An ablation study on MegaTrain shows that overlapping parameter prefetching, computation, and gradient offloading via double buffering is critical for high throughput, as its removal causes a 31.3% drop in TFLOPS. Other components like the gradient slab pool have a minor impact, while reducing recomputation granularity increases memory pressure and lowers both maximum batch size and throughput. Removing double buffering causes the largest throughput degradation, reducing performance from 266.3 TFLOPS to 182.9 TFLOPS. Disabling the gradient slab pool results in only a minor throughput decrease to 257.6 TFLOPS, indicating it is not a primary performance driver. Setting the checkpoint interval to 1 reduces the maximum feasible batch size from 96 to 32 and lowers throughput to 184.2 TFLOPS due to increased activation memory pressure.
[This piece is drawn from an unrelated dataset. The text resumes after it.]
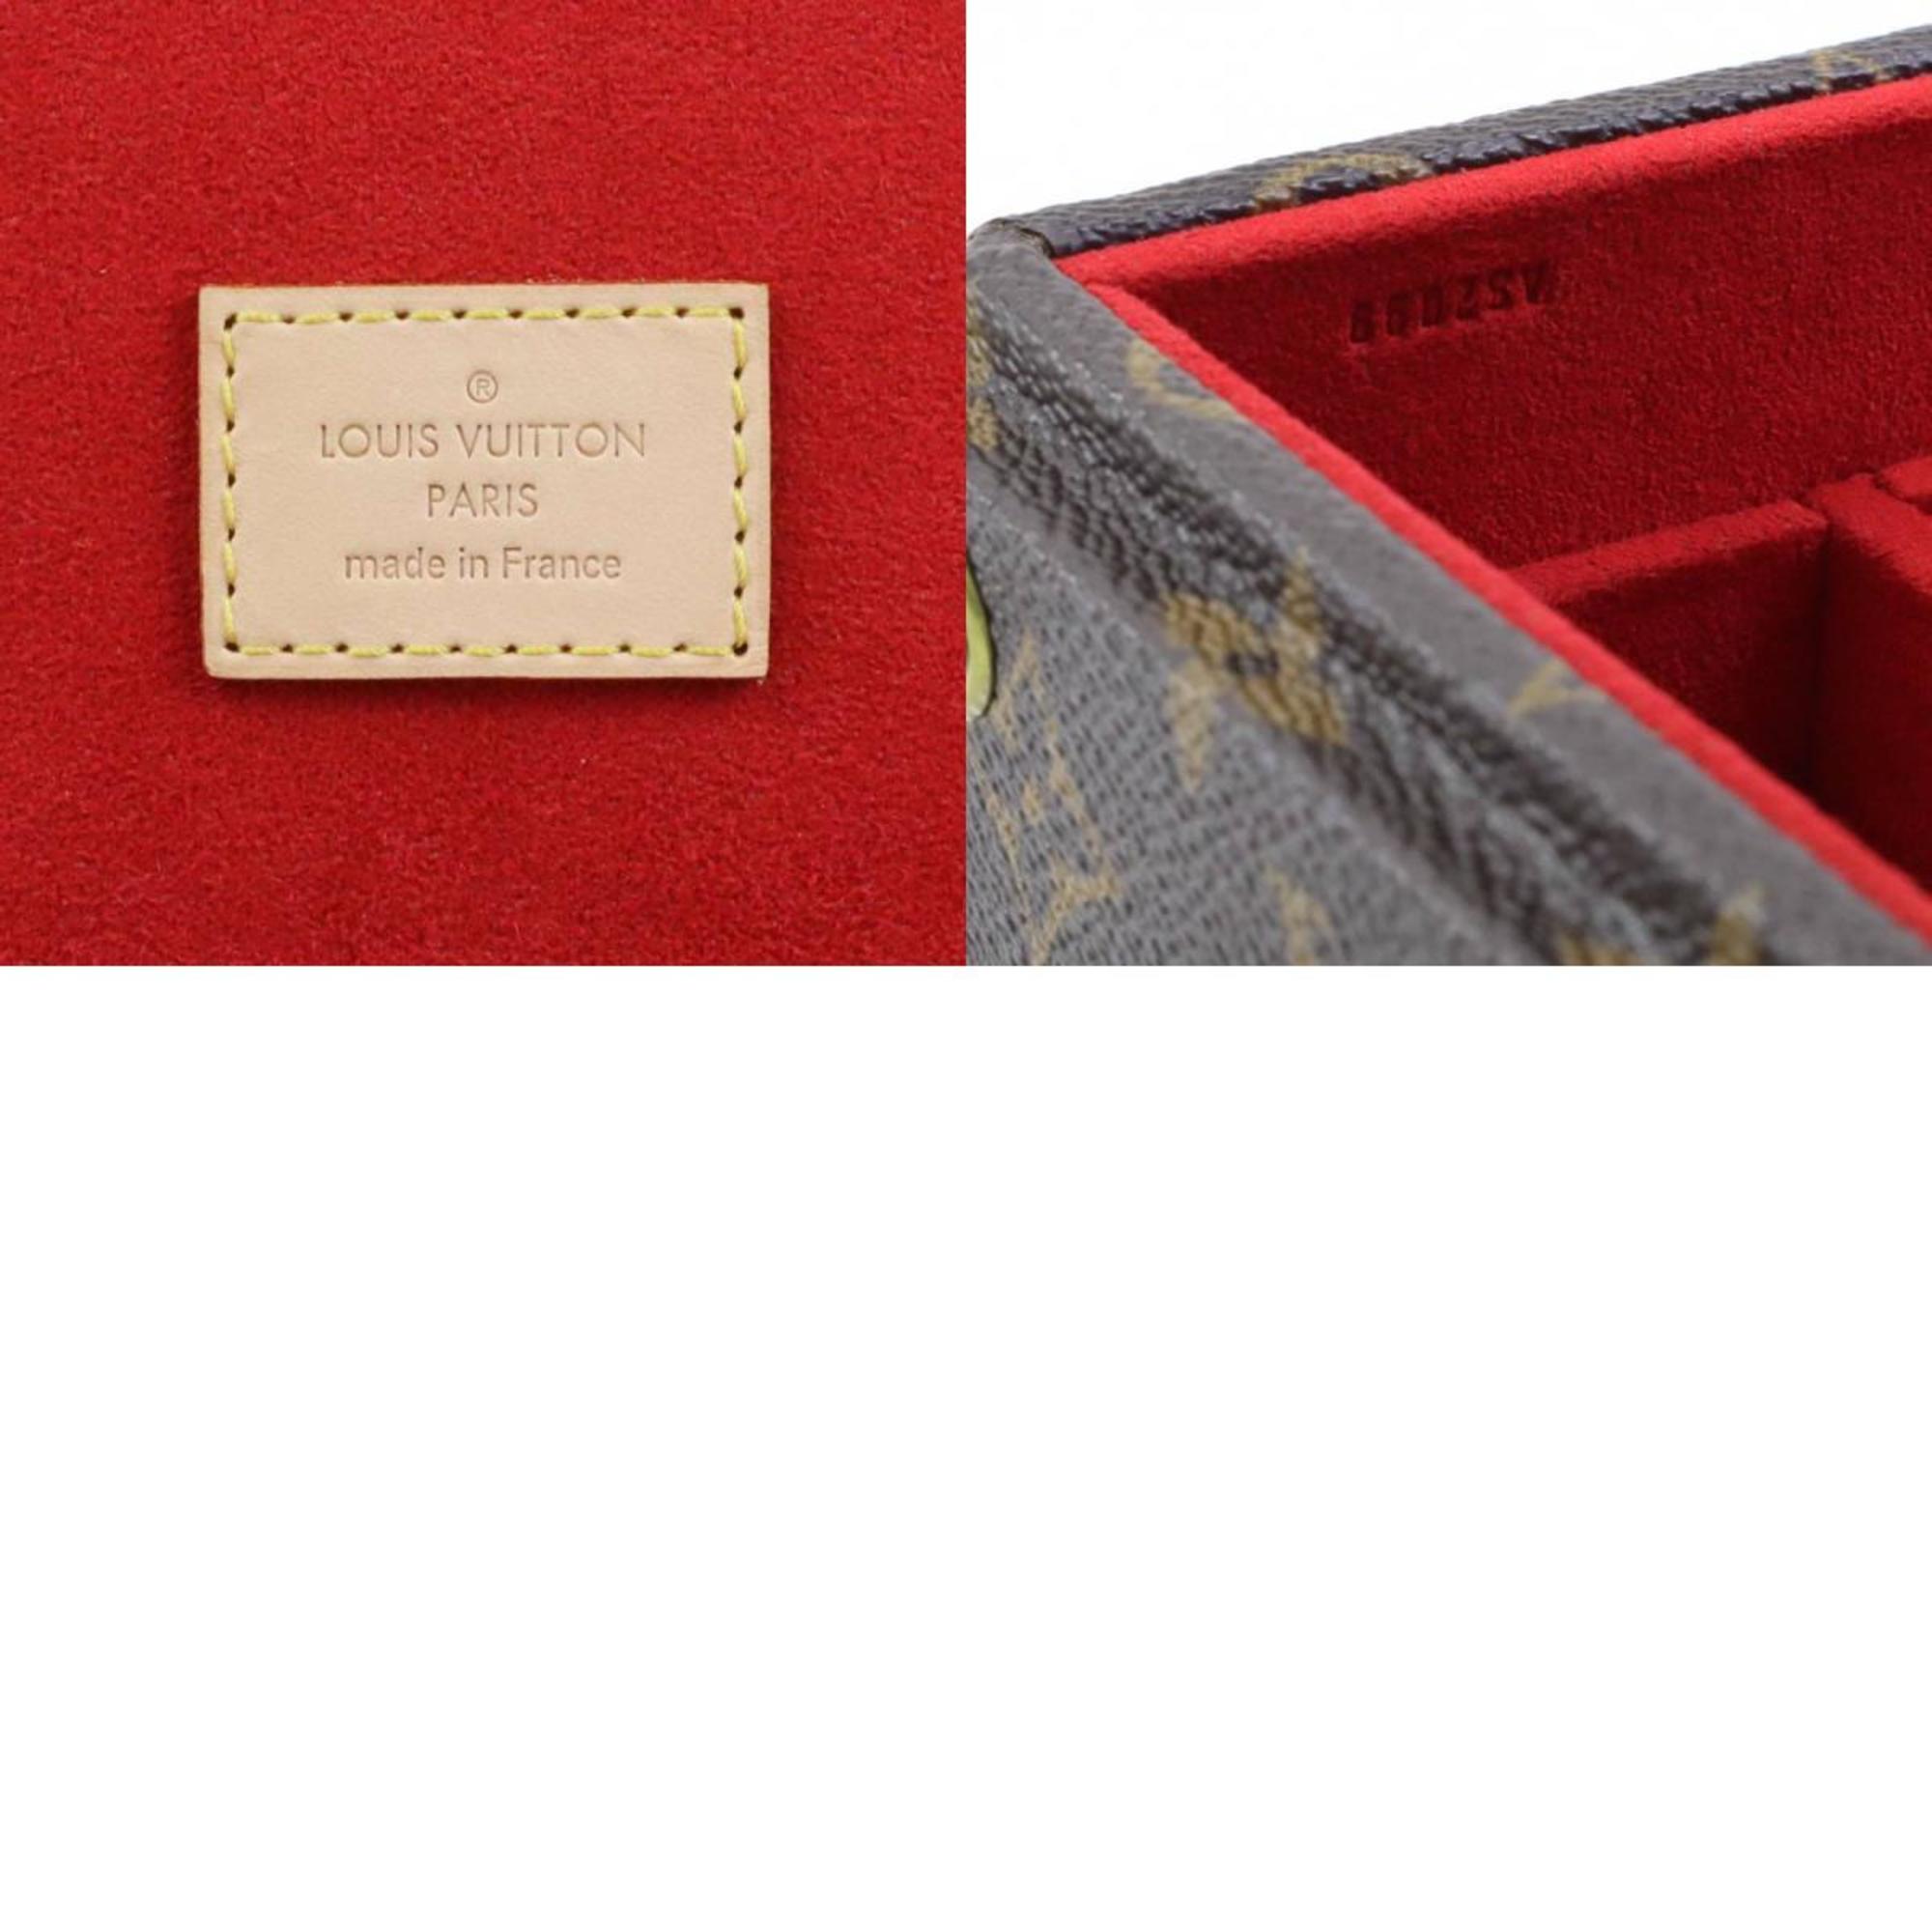 LOUIS VUITTON Jewelry Box Case Monogram Coffret Canvas Brown Unisex M13513

When model depth increases with constant device memory, MegaTrain sustains high throughput, dropping only 20.1% from 28 to 180 layers, while offloading baselines suffer severe performance collapse and out-of-memory failures beyond 84 layers. MegaTrain also uses far less host memory at every depth, enabling training of over 43 billion parameters on a single GPU with just 3.83 GB of device memory. MegaTrain throughput declines only 20.1% from 28 to 180 layers (284 to 227 TFLOPS), while FSDP throughput drops to 43 TFLOPS at 56 layers and ZeRO-3 degrades to 43 TFLOPS at 84 layers before both run out of memory. At 84 layers, FSDP host memory reaches 518 GB, 2.50 times more than MegaTrain's 207 GB; MegaTrain continues scaling to 180 layers using 418 GB.
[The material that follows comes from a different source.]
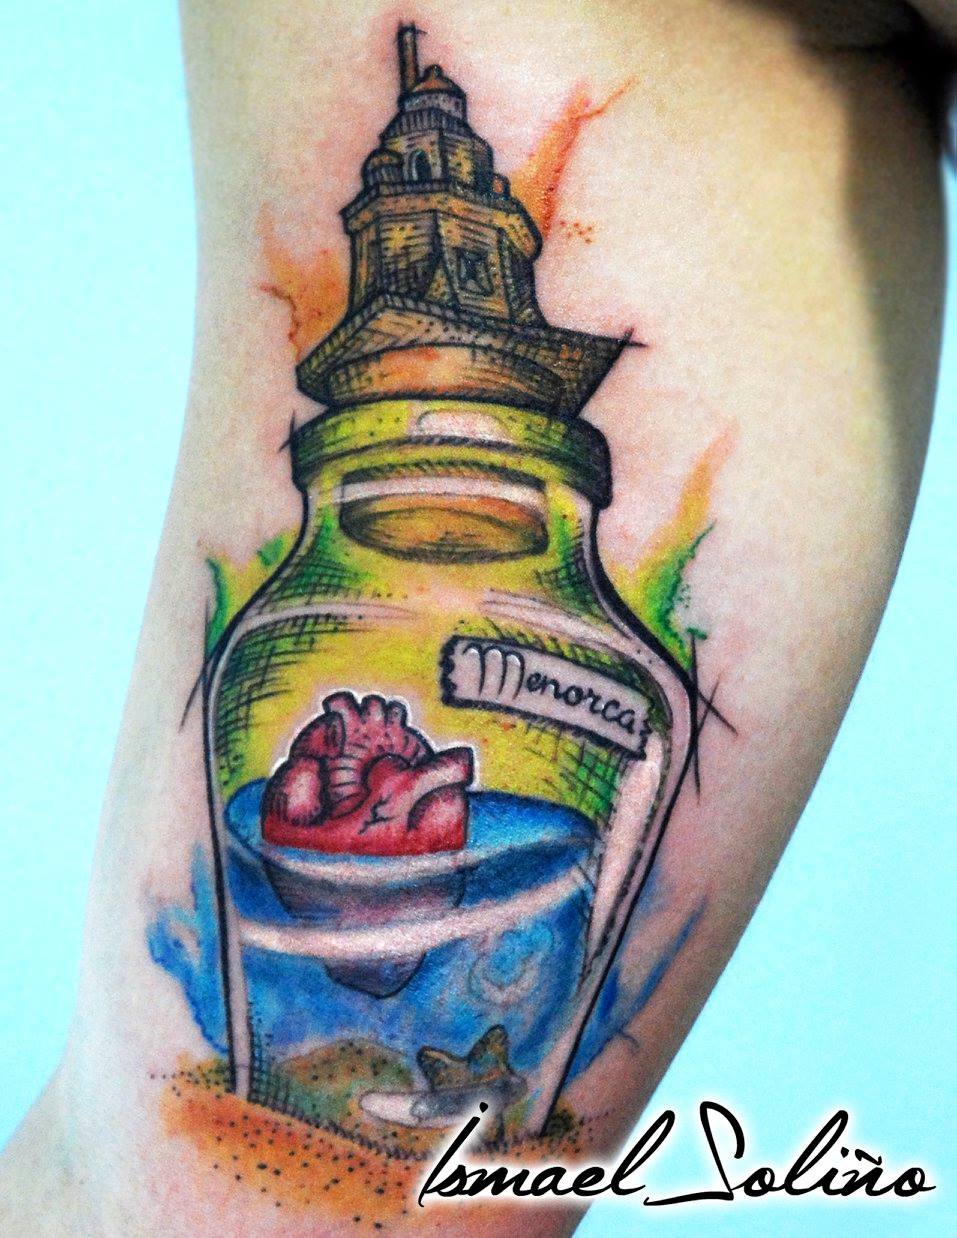 Tatuaje de una botella con un corazón flotando dentro

The evaluation examines MegaTrain's performance across a four-tier GPU memory hierarchy, where the GH200's NVLink-C2C interconnect provides a sevenfold bandwidth advantage over PCIe Gen5, enabling effective use of host memory as primary storage. MegaTrain achieves up to 12.20× higher throughput than ZeRO-3 offloading on an A100, scales to 14B-parameter training on a 24 GB RTX 3090 where baselines fail, and maintains over 93% device memory utilization, while preserving final accuracy within 0.16% of offloading baselines. An ablation study reveals that double buffering for overlapping prefetch, computation, and offloading is critical, as its removal causes a 31.3% throughput drop, and MegaTrain sustains high throughput even as model depth increases to 180 layers, whereas baselines encounter out-of-memory failures beyond 84 layers. Overall, MegaTrain enables training of models over 43 billion parameters on a single GPU with limited device memory, demonstrating robust scalability and efficiency across diverse hardware configurations.